The files stored in scripts are template files - they will read in the data and write it out correctly, but not add any annotations.

You can override these files by copying them to a new location and writing code to be annotated into your data.

Within your config file you then specify the location of any custom script.

See Defining the config files for more information.

Writing code for new annotation scripts

You must keep the structure for the input and output the same but to help with this all three files define the following line -

# IF CUSTOMISING THIS FILE PLACE CUSTOM CODE HERE

An example of how to write custom code is given in the scripts/configs/example_custom_annotations folder, and the example_workflow uses these files to add custom annotations to the datasets in the example_workflow

There is a lot of code in scripts/annot_functions that is designed to do common annotation tasks.

Customising annotations

Provided annotation functions

The following is a description of some of the provided annotation functions and how to incorporate them.

All changes should be made in your add_custom_annotations.py file and you should add the custom location of this file to you config file.

Regnerating annotation files without making new alignments or trees

Create a top column

Creates a new column where if a value within a column is more than a given percentage, it will create a new column, labelled TOP__ with True or False values depending on whether a sequence has that annotation.

This can be useful for grouping together multiple annotations that differ from the dominant value in a column.

annot_df = an.create_top_column(annot_df, 80)

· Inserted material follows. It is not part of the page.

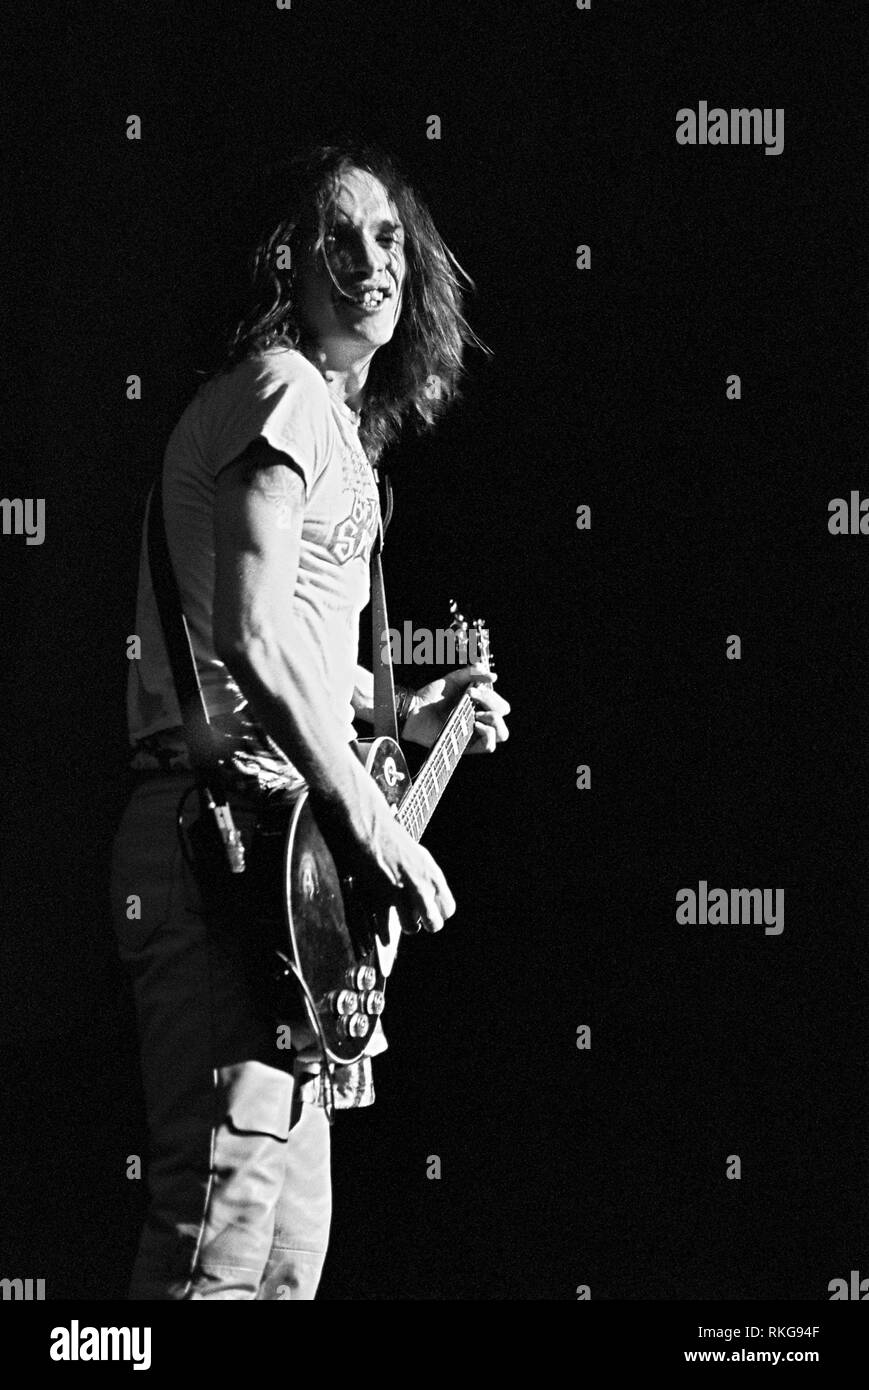 Justin Hawkins singer in the Darkness performing at the Brixton Academy , 27th February 2003, Brixton, London, England. Stock Photo

Separate out the note values from the feature columns

annot_df = an.separate_notes(annot_df)

Generating embeddings and running DBSCAN

Add embeddings

Generate embeddings using TM Vec. You need to download the checkpoint and config.json and point to their path in your add_custom_annotations.py code

To download the files - !wget https://users.flatironinstitute.org/thamamsy/public_www/tm_vec_cath_model.ckpt -q gwpy\n" !wget https://users.flatironinstitute.org/thamamsy/public_www/tm_vec_cath_model_params.json -q gwpy"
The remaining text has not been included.